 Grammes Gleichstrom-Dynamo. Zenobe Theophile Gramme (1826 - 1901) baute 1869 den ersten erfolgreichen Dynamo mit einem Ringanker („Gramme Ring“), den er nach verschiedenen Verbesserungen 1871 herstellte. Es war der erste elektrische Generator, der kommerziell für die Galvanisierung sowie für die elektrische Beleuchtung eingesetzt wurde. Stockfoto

==

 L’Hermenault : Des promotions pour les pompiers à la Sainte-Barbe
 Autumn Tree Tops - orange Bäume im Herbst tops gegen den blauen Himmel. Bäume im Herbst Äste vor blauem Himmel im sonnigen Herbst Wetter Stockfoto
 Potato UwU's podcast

What is needed - From the records, copy every line that has the string "Stockfoto" in it.

Your solution -
 Grammes Gleichstrom-Dynamo. Zenobe Theophile Gramme (1826 - 1901) baute 1869 den ersten erfolgreichen Dynamo mit einem Ringanker („Gramme Ring“), den er nach verschiedenen Verbesserungen 1871 herstellte. Es war der erste elektrische Generator, der kommerziell für die Galvanisierung sowie für die elektrische Beleuchtung eingesetzt wurde. Stockfoto
 Autumn Tree Tops - orange Bäume im Herbst tops gegen den blauen Himmel. Bäume im Herbst Äste vor blauem Himmel im sonnigen Herbst Wetter Stockfoto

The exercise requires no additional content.